**Material shown**:
[Start of Attachment]

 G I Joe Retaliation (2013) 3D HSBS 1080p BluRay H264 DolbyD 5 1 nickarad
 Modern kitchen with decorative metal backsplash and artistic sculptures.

[End of Attachment]
[Start of Attachment]

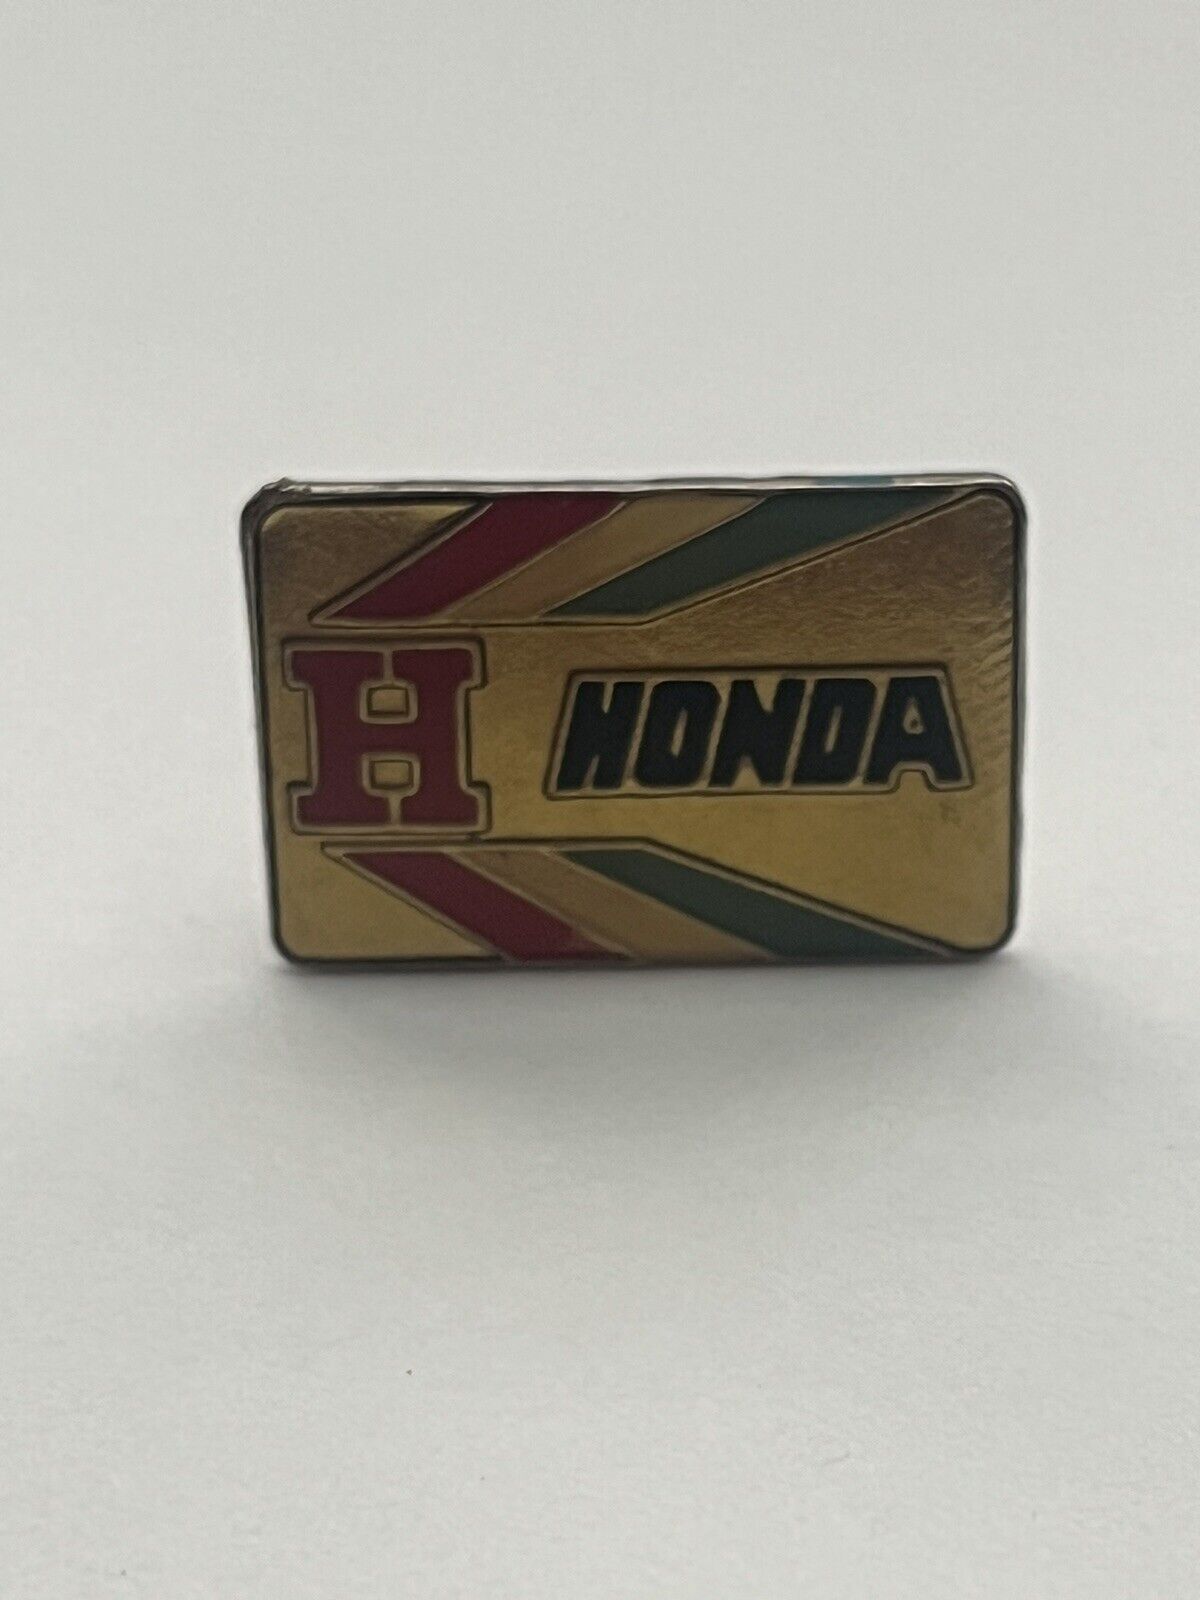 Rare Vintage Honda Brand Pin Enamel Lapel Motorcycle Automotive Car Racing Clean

[End of Attachment]
[Start of Attachment]

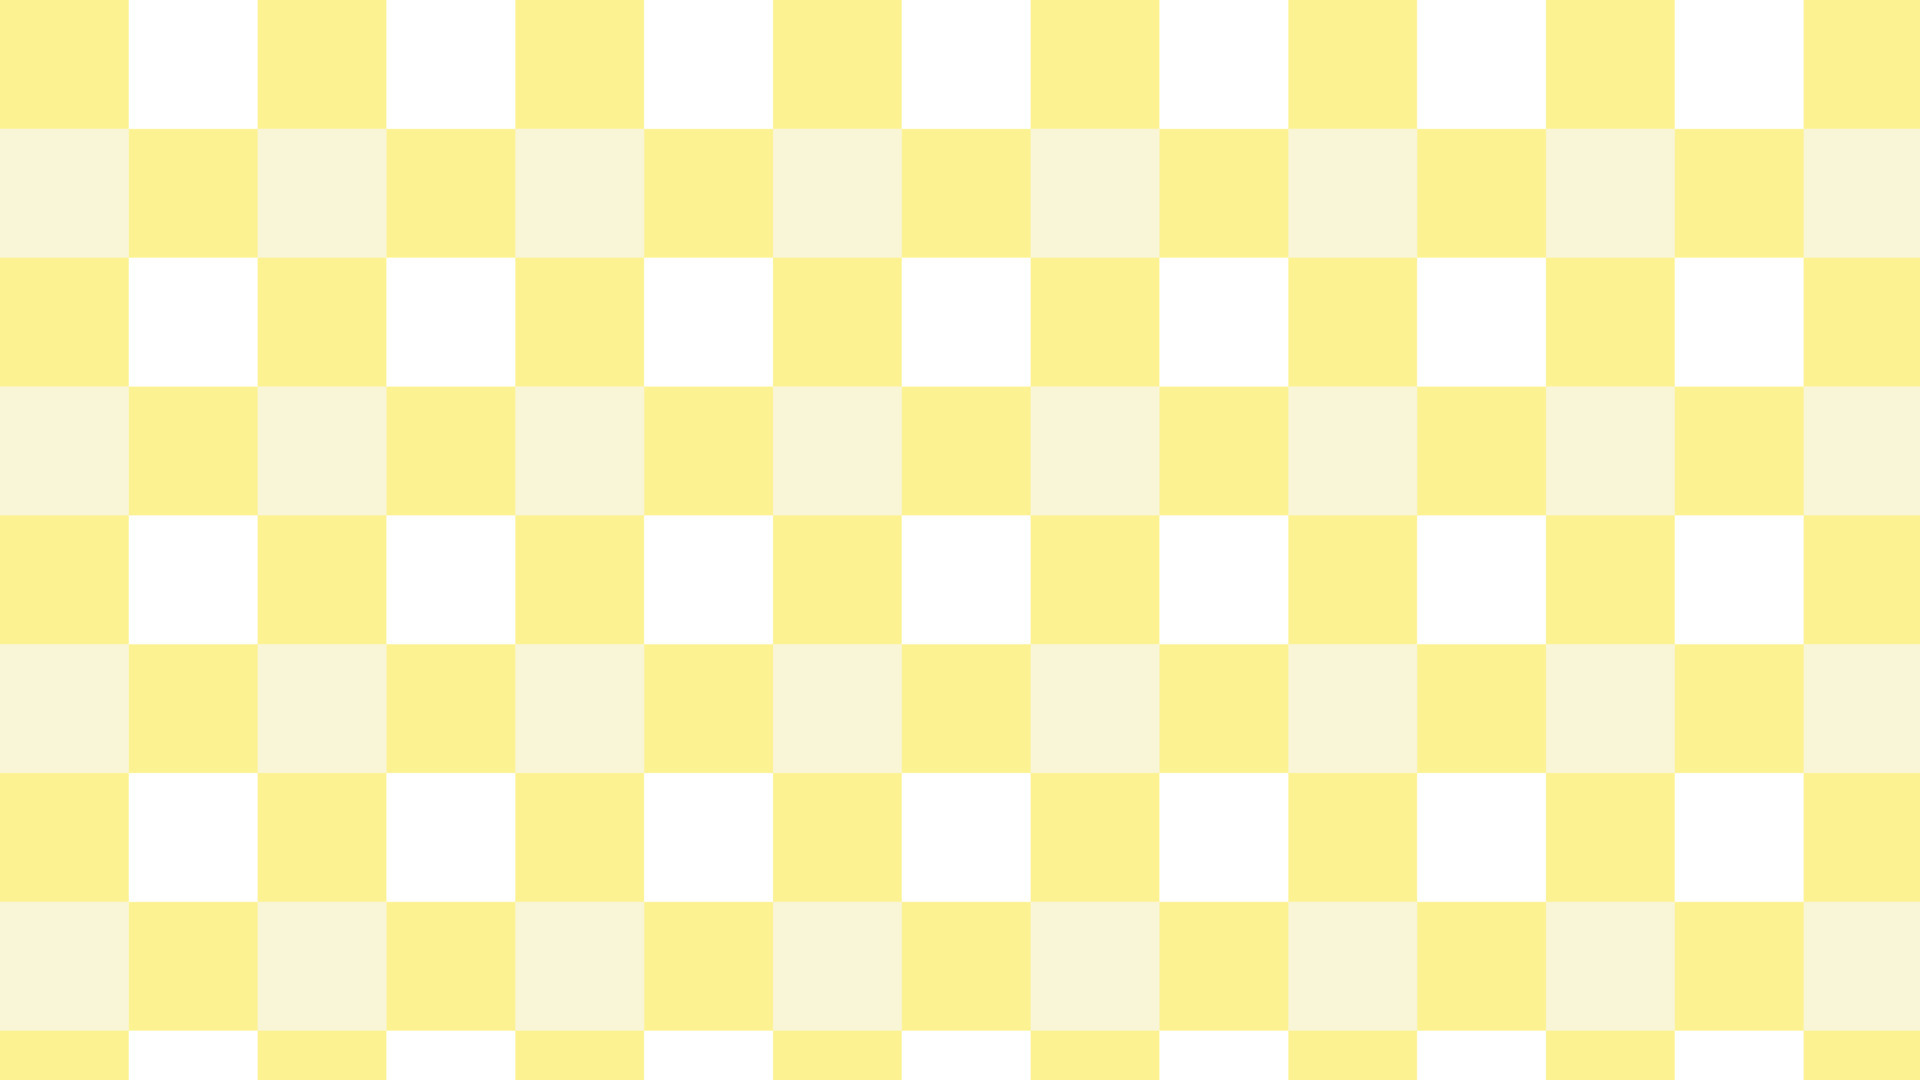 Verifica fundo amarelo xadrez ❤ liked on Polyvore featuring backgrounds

[End of Attachment]

**Exercise objective**:
Look back at the data above. Transcribe exactly the lines starting at the line that contains "G I Joe Retaliation" and ending at the line that contains "Modern kitchen with".

**The completed task**:
 G I Joe Retaliation (2013) 3D HSBS 1080p BluRay H264 DolbyD 5 1 nickarad
 Modern kitchen with decorative metal backsplash and artistic sculptures.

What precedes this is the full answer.